Ох-х, и за что мне это наказание? Впрочем, когда я начал Лиду раздевать, она плакала, но не сопротивлялась.

— Лида, — спросил я, когда мы устроили себе перерыв на чай, — а вот если человеку бумага от врача потребуется, что он болен чем-то, что мешает ему выполнять какую-то работу, как её получить?

— Алёша, ты же сам такую бумагу в Усть-Невском получал, неужто не помнишь?

— Так я же в военном госпитале получал, а тебя про обычную больницу спрашиваю.

— Ну, ежели человек в больнице лечился, там ему доктор ту бумагу и выпишет, — объяснила Лида.

— А если он частным порядком у доктора наблюдается? — уточнил я вопрос.

— Всё равно бумага в больнице выдаётся, — уверенно ответила она. — По представлению доктора, который её и подписывает, но заверяется больничною печатью и запись о выдаче бумаги в больничную книгу делается.

— А если доктор не в этой больнице служит? — на всякий случай спросил я.

— Тогда он должен подать в больницу представление на больного, а больному надо в той больнице осмотр пройти, а то и лечь на седмицу под наблюдение. Тогда опять же доктор подписывает, а больница заверяет, — чётко описала Лида порядок действий. Профессионалка, что тут скажешь...

— А доктор Ломский, Игнатий Федосеевич, в Головинской больнице давно служит? — подошёл я к главному вопросу.

— Давно, — ответила Лида. — Он меня туда и на службу принимал в первый раз, и в этот раз я к нему обратилась, чтобы вернуться.

Понятно... Вряд ли Малецкий проходил в больнице осмотр, и уж тем более почти наверняка не ложился туда под наблюдение. Скорее всего, он договорился с Ломским, тот своим авторитетом нажал на больничных лекарей, и получил Малецкий себе свободу от допроса под заклятием. Или и правда у него была непереносимость инкантации, теперь-то это не так и важно. Елисеев, конечно, всё выяснит, но ничего от того не изменится.

...Возвращаясь от Лиды, я сделал небольшой крюк и заглянул к доктору Штейнгафту. Необязательная коротенькая беседа, пара комплиментов Амалии Рудольфовне, превратившейся в настоящую красавицу, прямо хоть афишу с неё рисуй к ненаписанной здесь опере «Валькирия», добрые пожелания той же Амалии в связи со скорой свадьбой, и я подобрался к главному, что хотел узнать.

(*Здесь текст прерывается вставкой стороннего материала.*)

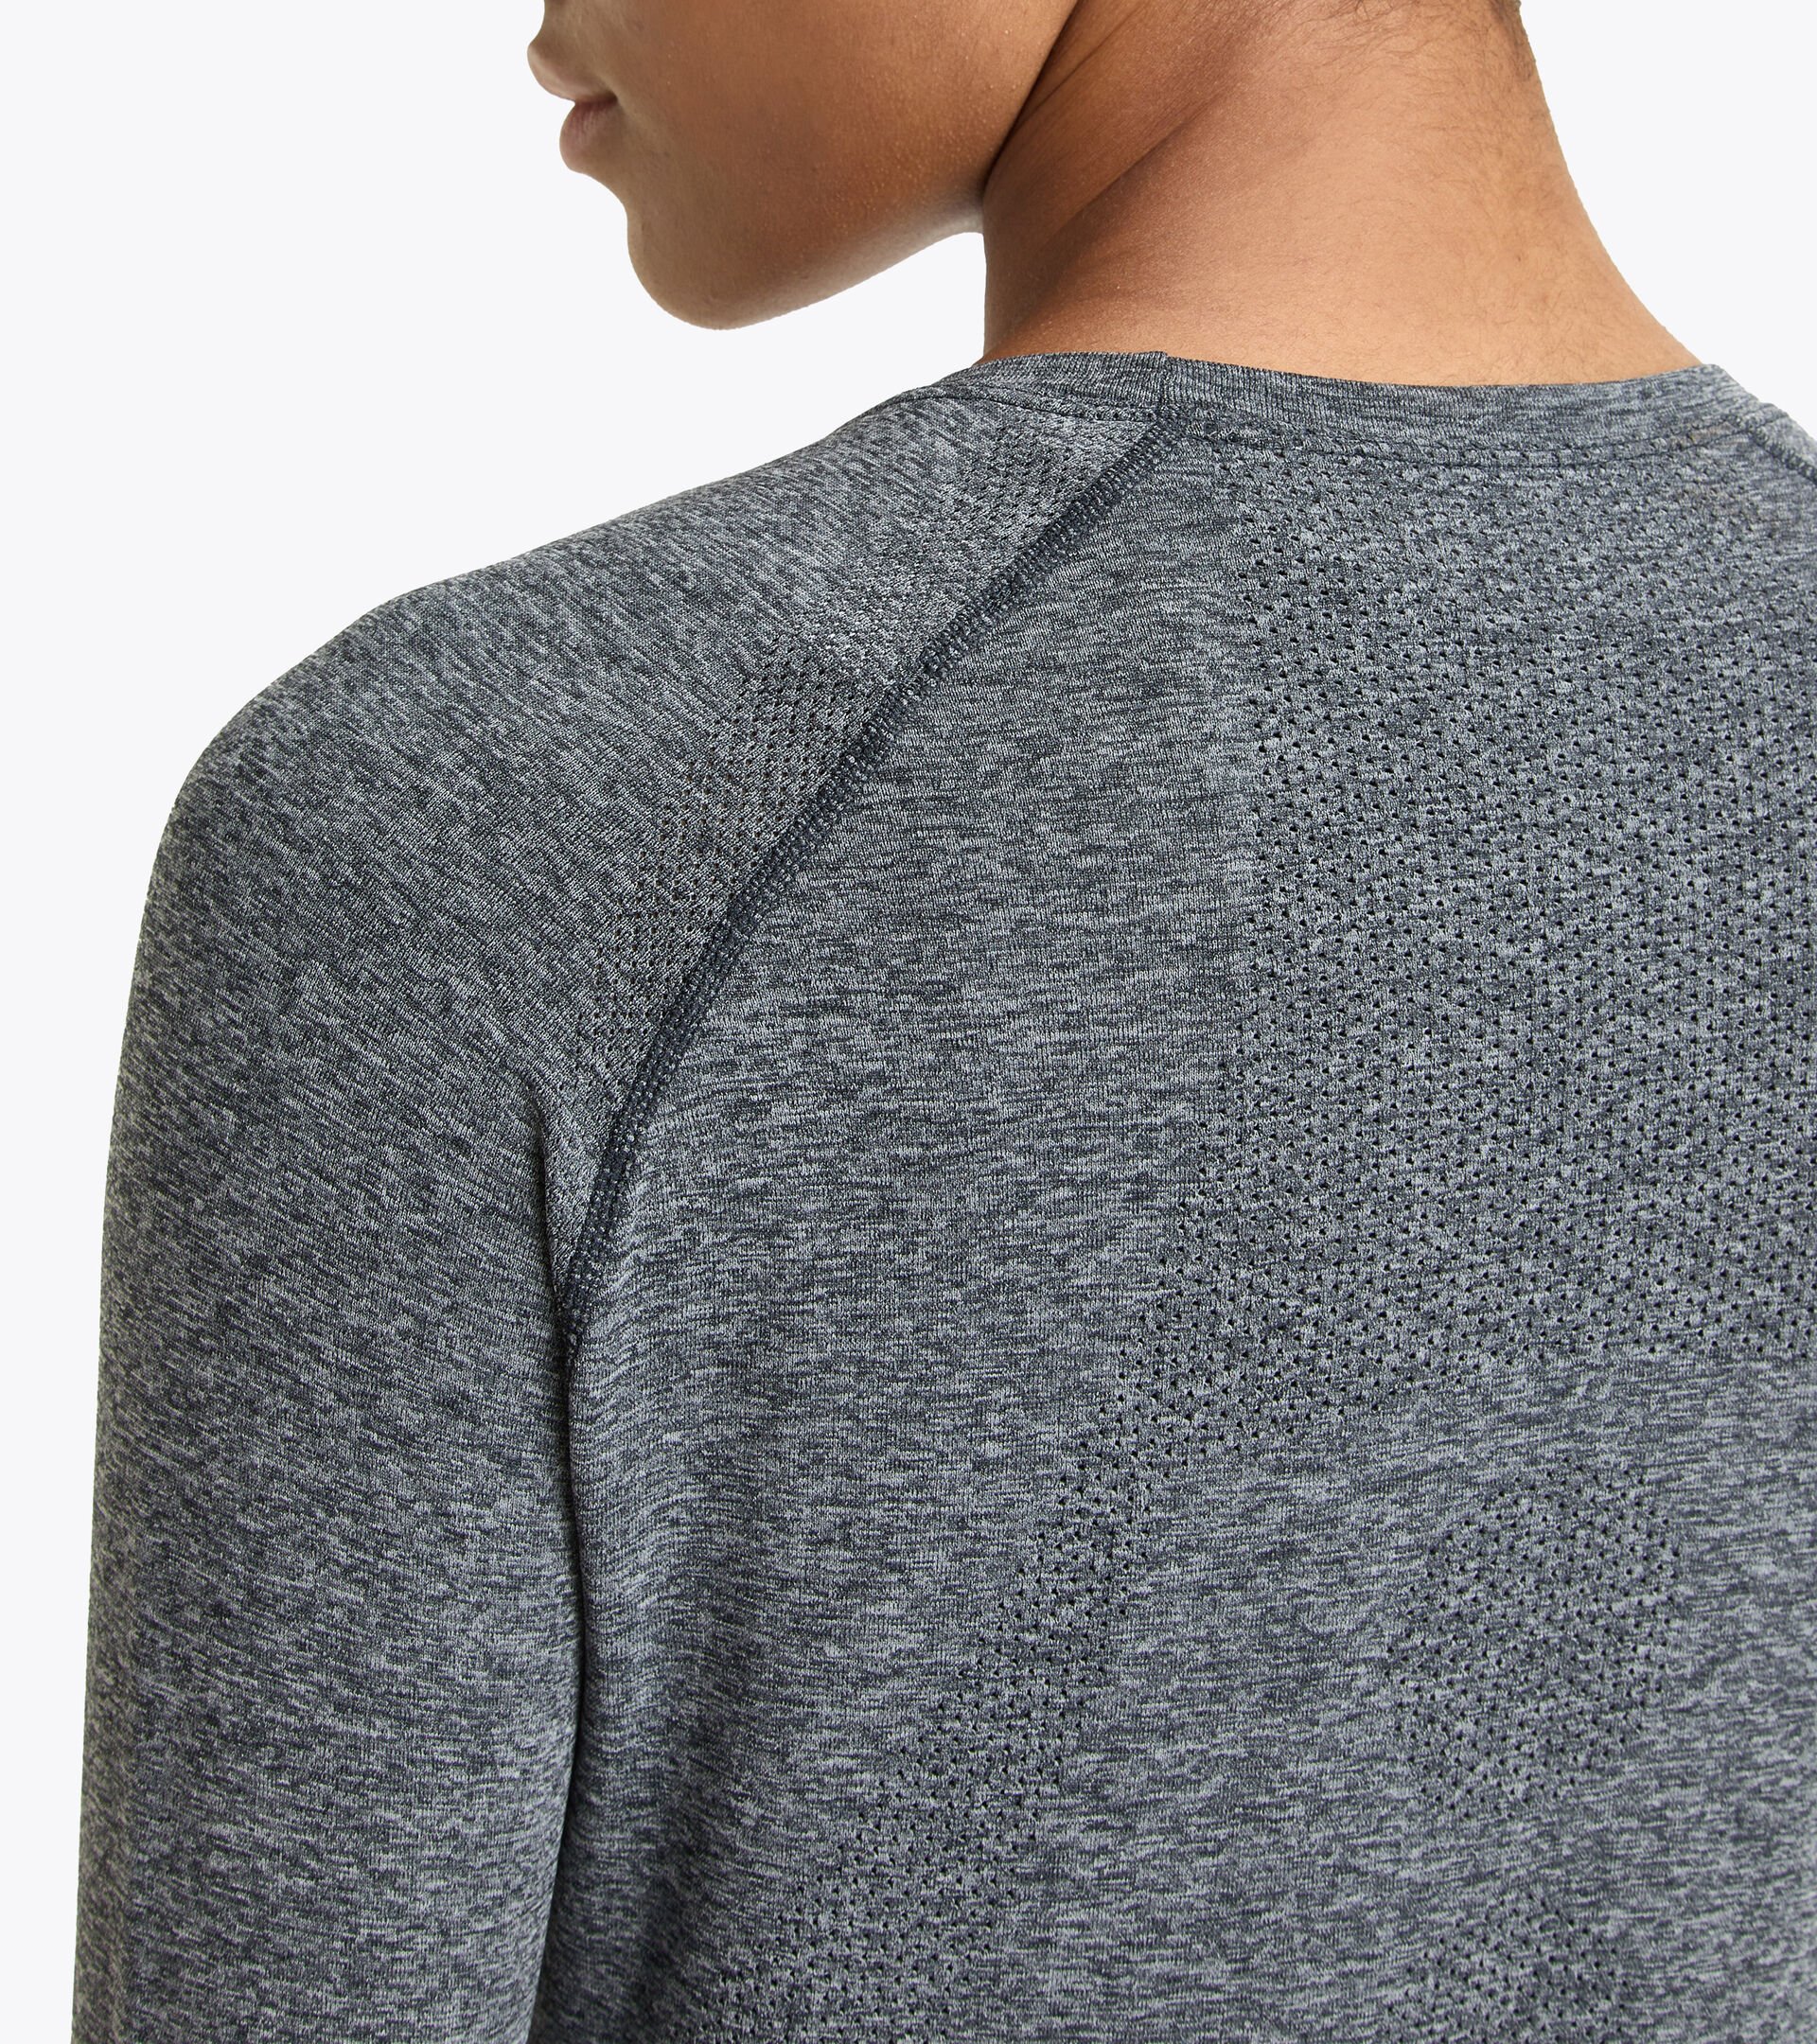 Long-sleeved thermal shirt - Women L. LS T-SHIRT SKIN FRIENDLY BLACK - Diadora
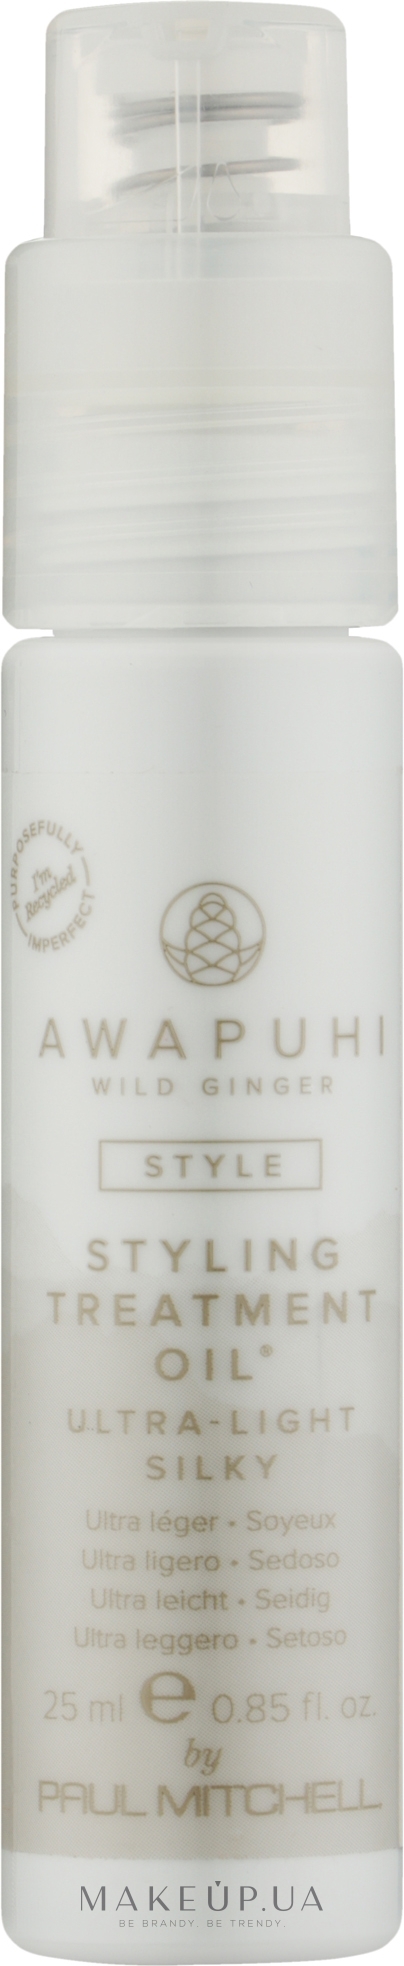 Масло для укладки и ухода за волосами - Paul Mitchell Awapuhi Wild Ginger Styling Treatment Oil — фото 25ml

— Доктор Ломский? — судя по тому, что Рудольф Карлович недовольно поморщился, я не прогадал. — К его профессиональным качествам никаких претензий высказать не могу.

— Но? — я вопросительно посмотрел на Штейнгафта, тот снова поморщился.

— Слухи я вам пересказывать не буду, уж простите, — сухо ответил Рудольф Карлович, — но есть и факты. Трое пациентов доктора Ломского за мошенничество осуждены были, двое за растрату казённых денег, ещё один за подлог и один за бесчестное вымогательство.

Так, бесчестным вымогательством тут именуется как раз-таки шантаж, и речь, стало быть, идёт о Малецком. Но доктор хорош, пациентов себе подобрал — просто загляденье! Один другого краше! Ещё и слухи какие-то... Ну да ладно. Не хочет доктор Штейнгафт их пересказывать, другие желающие найдутся. Мир, как говорится, не без добрых людей. Главное, я теперь знаю, что некие слухи о докторе Ломском ходят, и вряд ли они хвалебные, судя по поведению Рудольфа Карловича. Хотя, что тут после столь примечательного набора пациентов может ещё выглядеть неблаговидно, даже и не знаю...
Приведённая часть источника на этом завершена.